» TASK DESCRIPTION: Where the line containing "Listen to the Podcast - Women Offshore" appears, begin retyping; continue exactly through the final line of the data. Omit every picture.

Extracted data entries
========
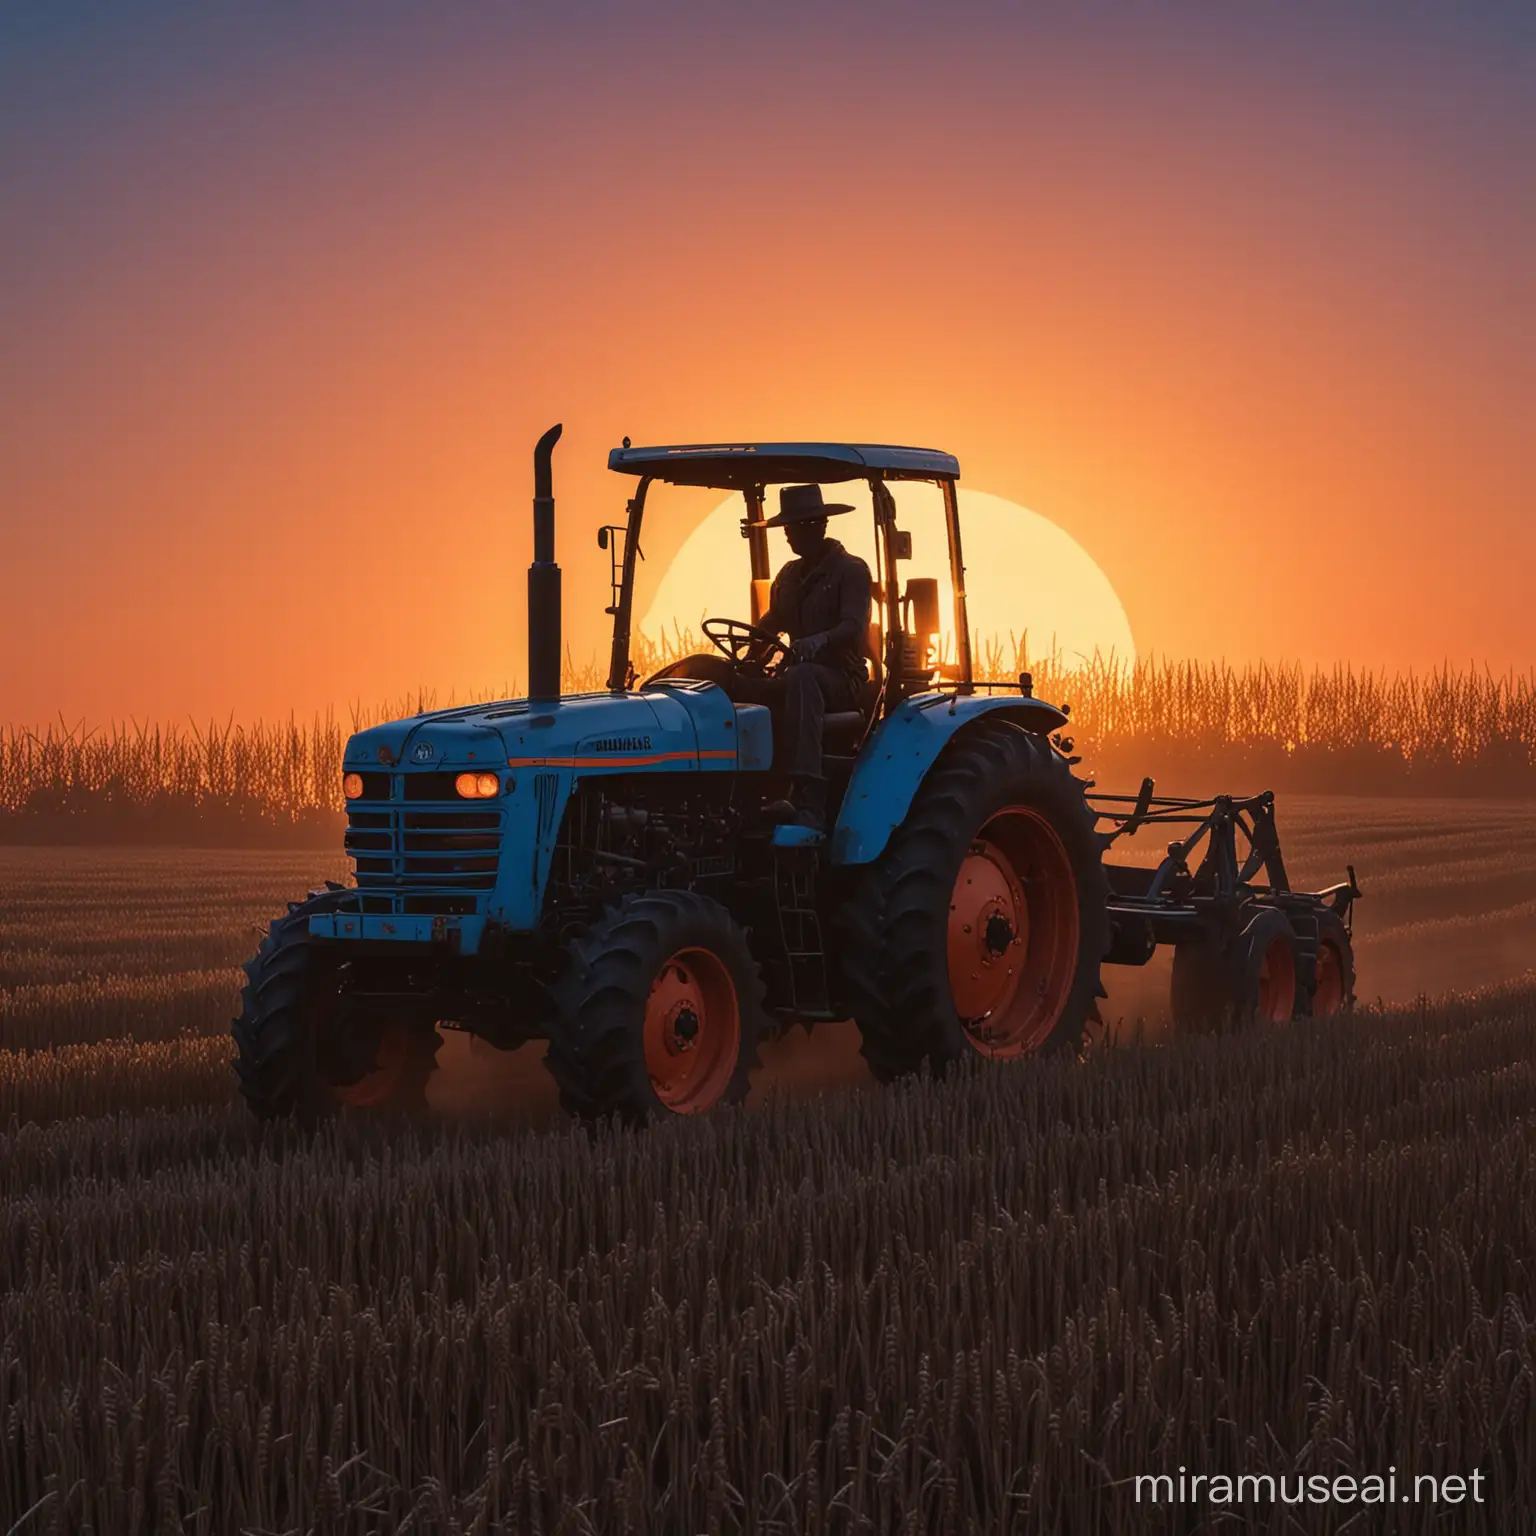 sillouette of a scare-crow driving a tractor (group)
appreance-neon blue/orange /noir/full body/
background-field/wheat/sunset
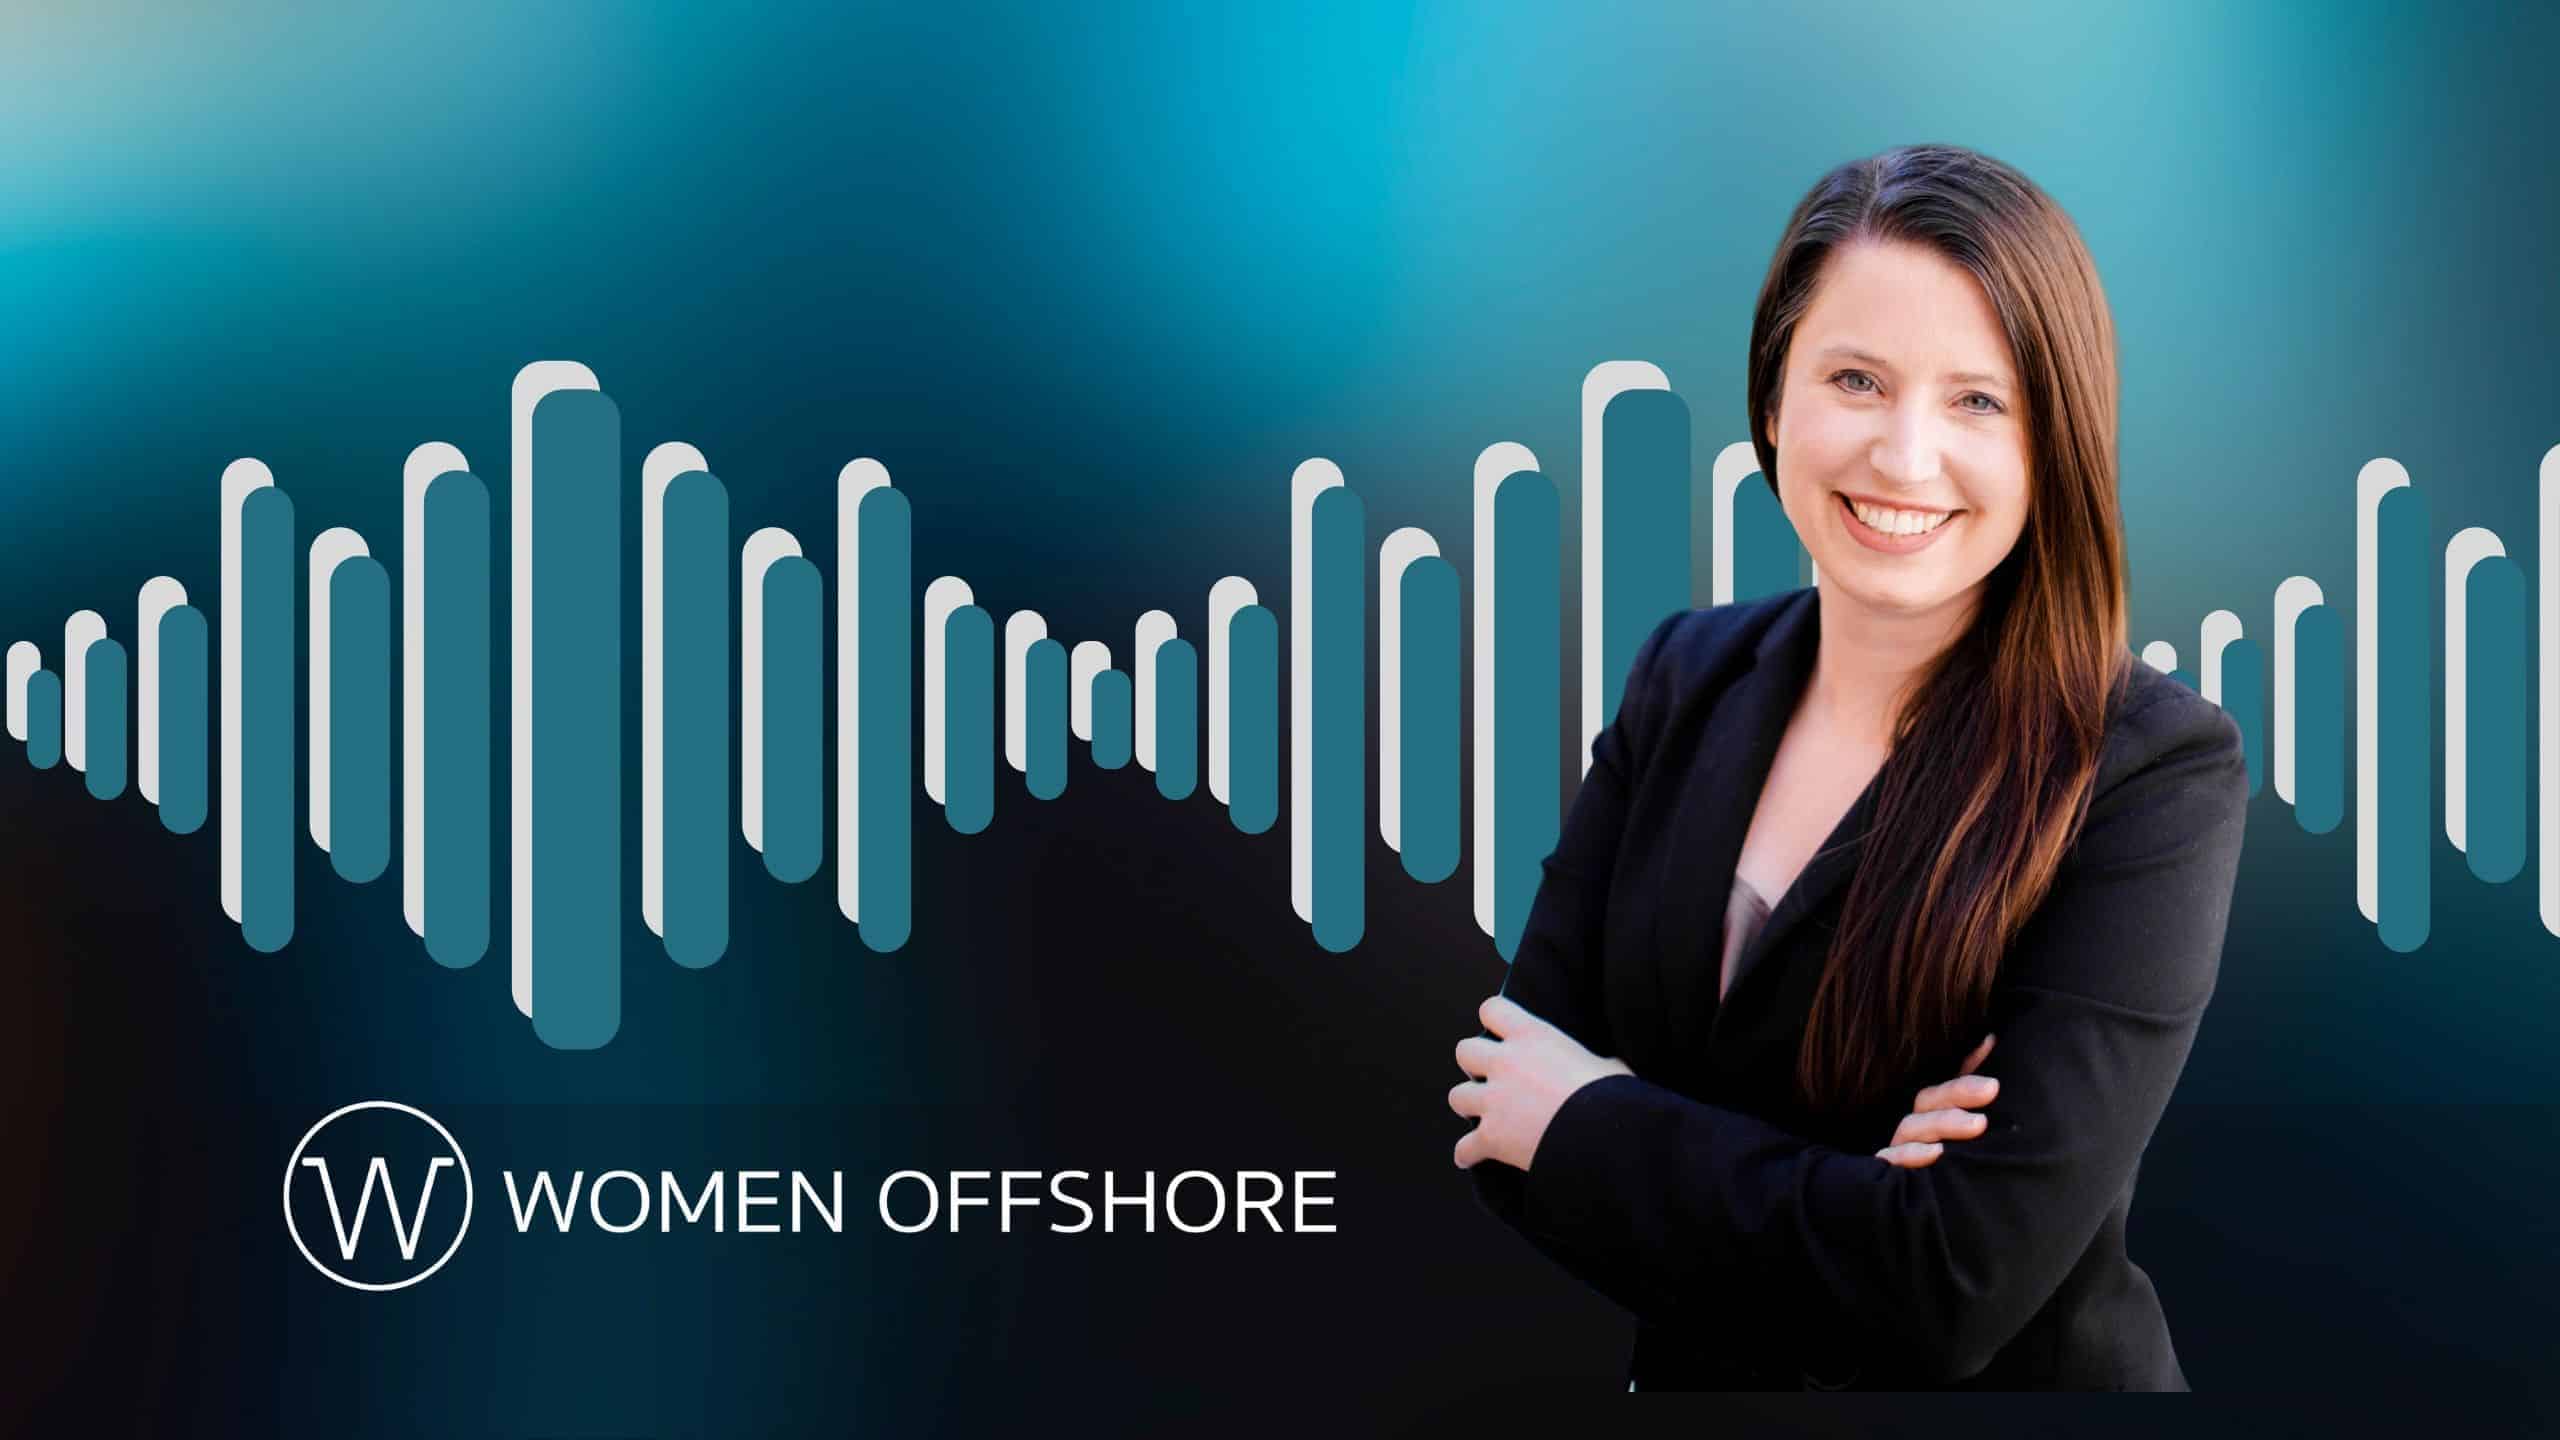 Listen to the Podcast - Women Offshore
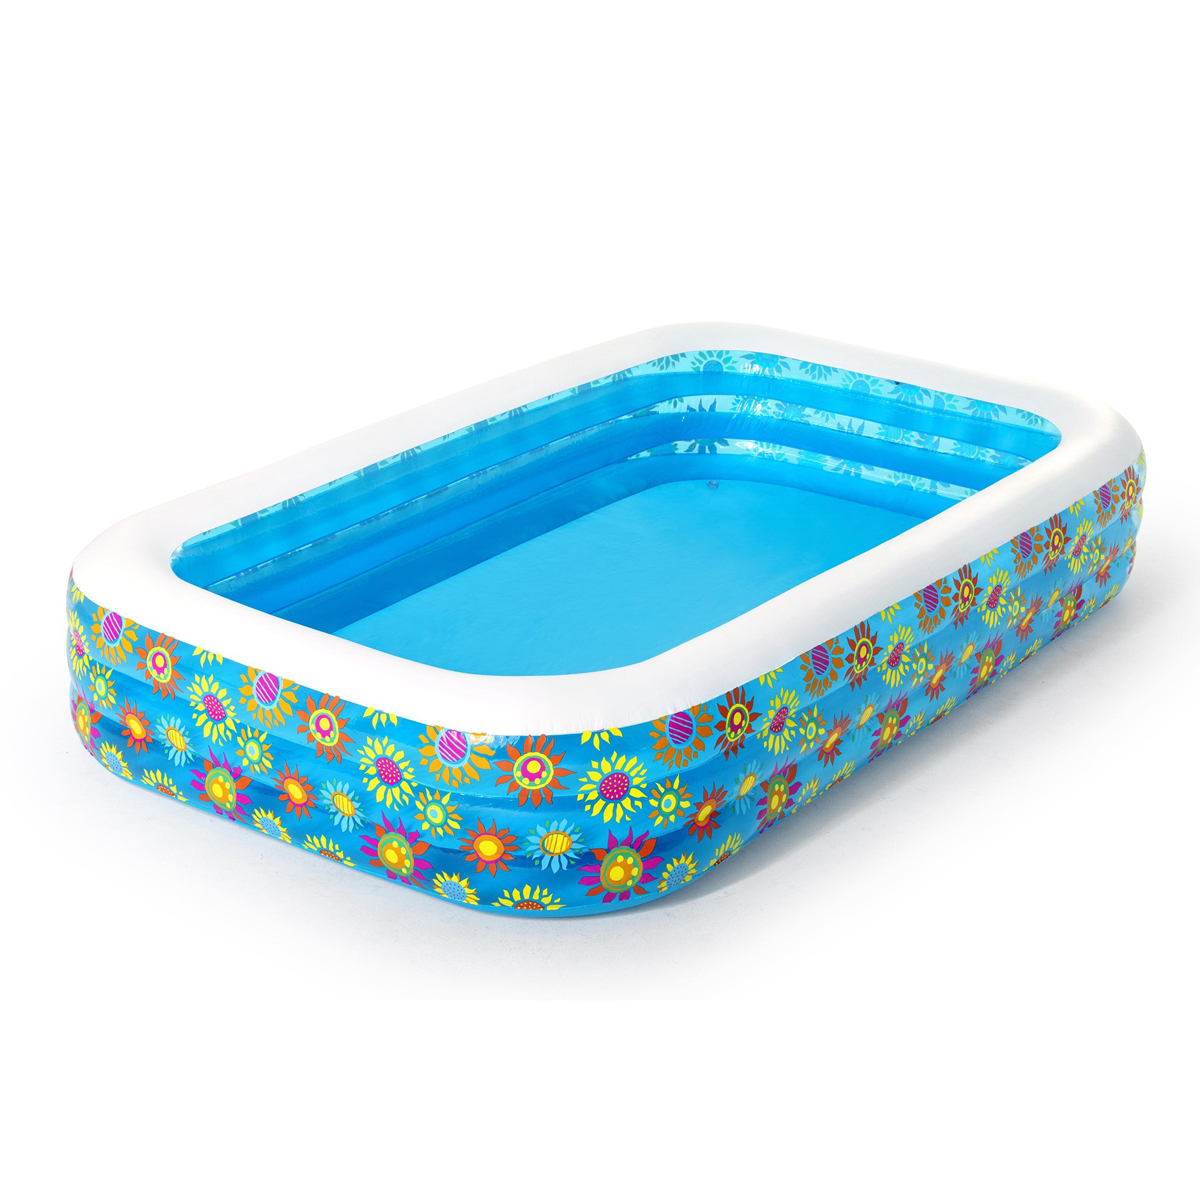 290-x-175CM-Inflatable-Swimming-Pool-Children-Adults--Summer-Bathing-Tub-Baby-Home-Use-Inflatable-Pa-1692678-9
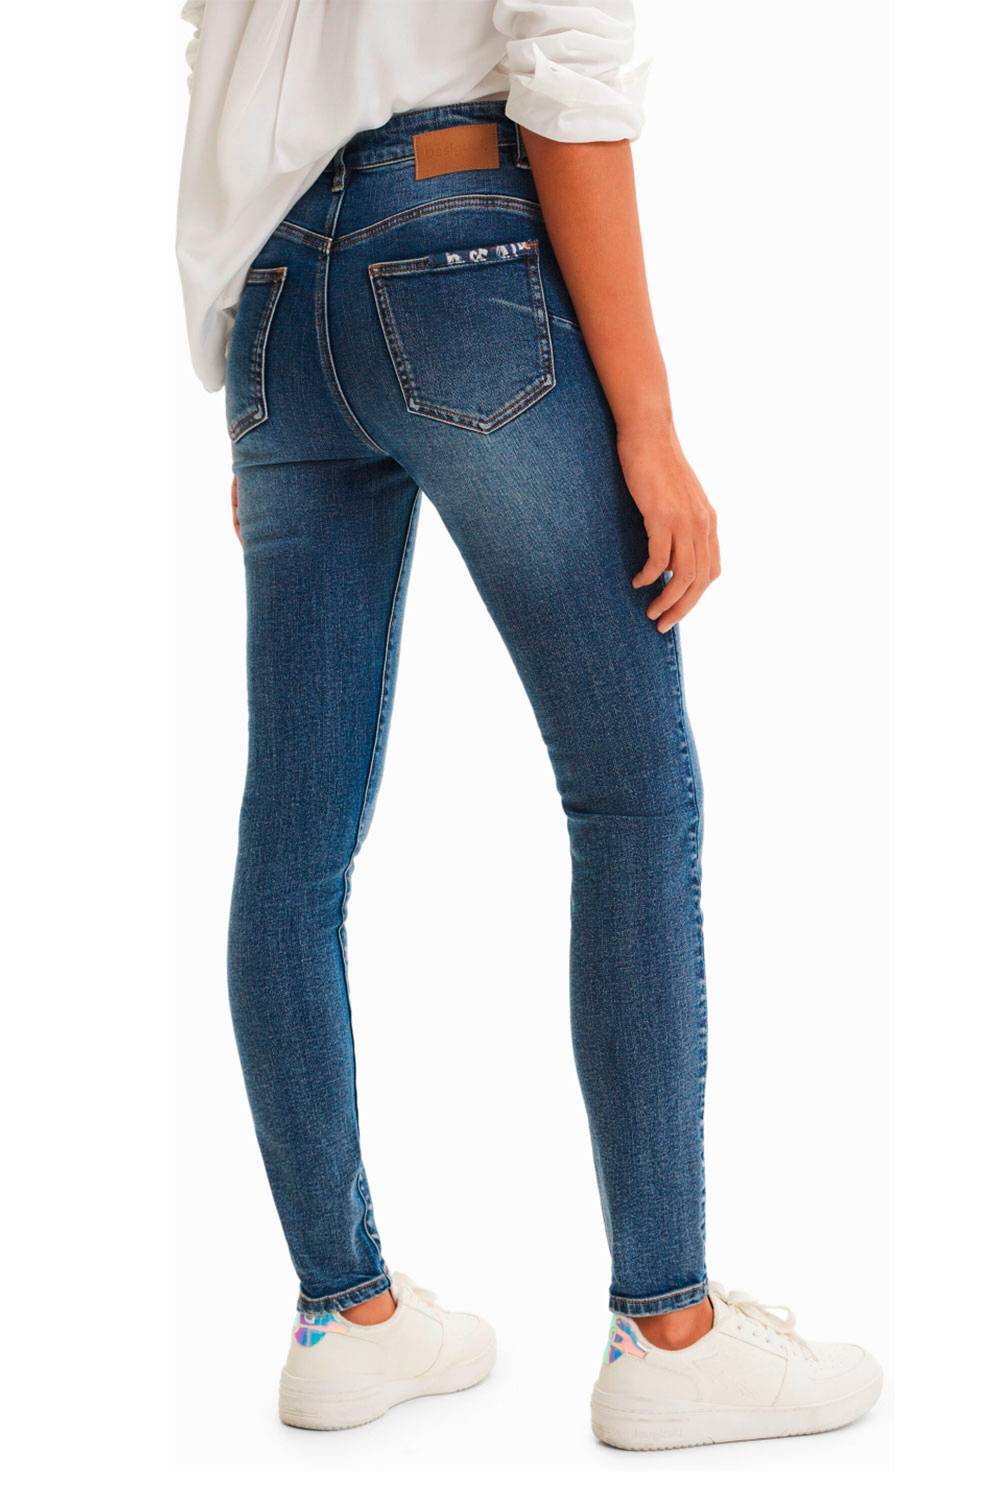 jeans rectos mujer
========
» EXERCISE ANSWER:
 Listen to the Podcast - Women Offshore
 290-x-175CM-Inflatable-Swimming-Pool-Children-Adults--Summer-Bathing-Tub-Baby-Home-Use-Inflatable-Pa-1692678-9
 jeans rectos mujer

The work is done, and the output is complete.